U.S. media report a Dutch murder suspect in Peru has told police he is ready to lead authorities to the body of a missing American woman.

Peruvian officials said late Thursday that 22-year-old Joran van der Sloot has agreed to tell authorities in Aruba where to find the remains of Natalie Holloway.

Holloway disappeared during a school trip to the Caribbean island of Aruba in 2005. Aruban police arrested van der Sloot twice, but he was freed each time for lack of evidence.

The chief of Peru's criminal police told the Associated Press he does not know whether to take van der Sloot's offer seriously because he has made dubious claims about the Holloway case in the past.

Van der Sloot is being held by judicial authorities in Peru for the murder of a young Peruvian woman whom he met in a Lima casino last month.

Police moved the Dutchman to a cell at the prosecutor's office Thursday, dressing him in a bulletproof vest for the transfer.

Van der Sloot's transfer came as new video was released, showing him and the Peruvian woman, Stephany Flores, 21, meeting and shaking hands at the casino. The Dutchman was in Peru for a poker tournament.

Later surveillance camera footage shows van der Sloot entering his hotel room with Flores after the two spent time at the casino, and of him leaving the room alone a few hours later.

Investigators say van der Sloot confessed to killing Flores in a fit of rage in his hotel room May 30. They say van der Sloot was upset she looked up information about his past on his laptop computer.

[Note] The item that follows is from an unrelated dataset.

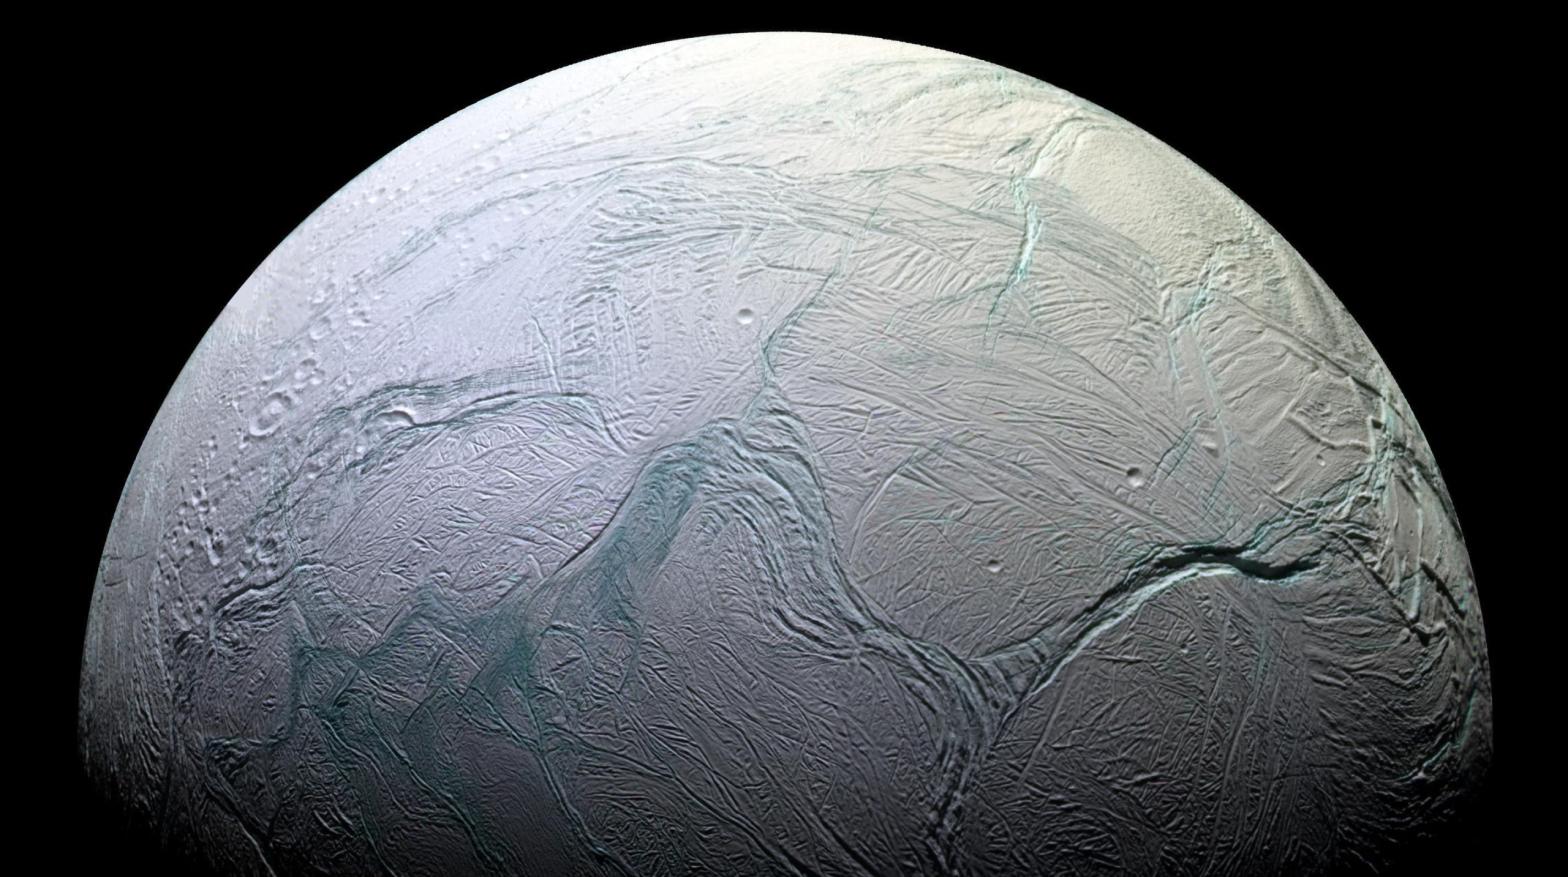 Saturn's moon Enceladus. (Image: NASA/JPL/Space Science Institute)

Van der Sloot traveled to Chile the following day, but was apprehended there and returned to Peru.

Authorities say Flores was killed five years to the day after the American woman, 18-year-old Natalee Holloway, disappeared in Aruba.

The U.S. Federal Bureau of Investigation said this week it had been investigating van der Sloot for trying to extort Holloway's family.

U.S. officials say van der Sloot offered to provide information about the location of Holloway's remains and the circumstances of her death, in exchange for $250,000.

New documents say the Dutchman told a family representative Holloway was buried at his father's house but that Aruban authorities determined the house had not been built at the time of the disappearance.

Some information for this report was provided by AP.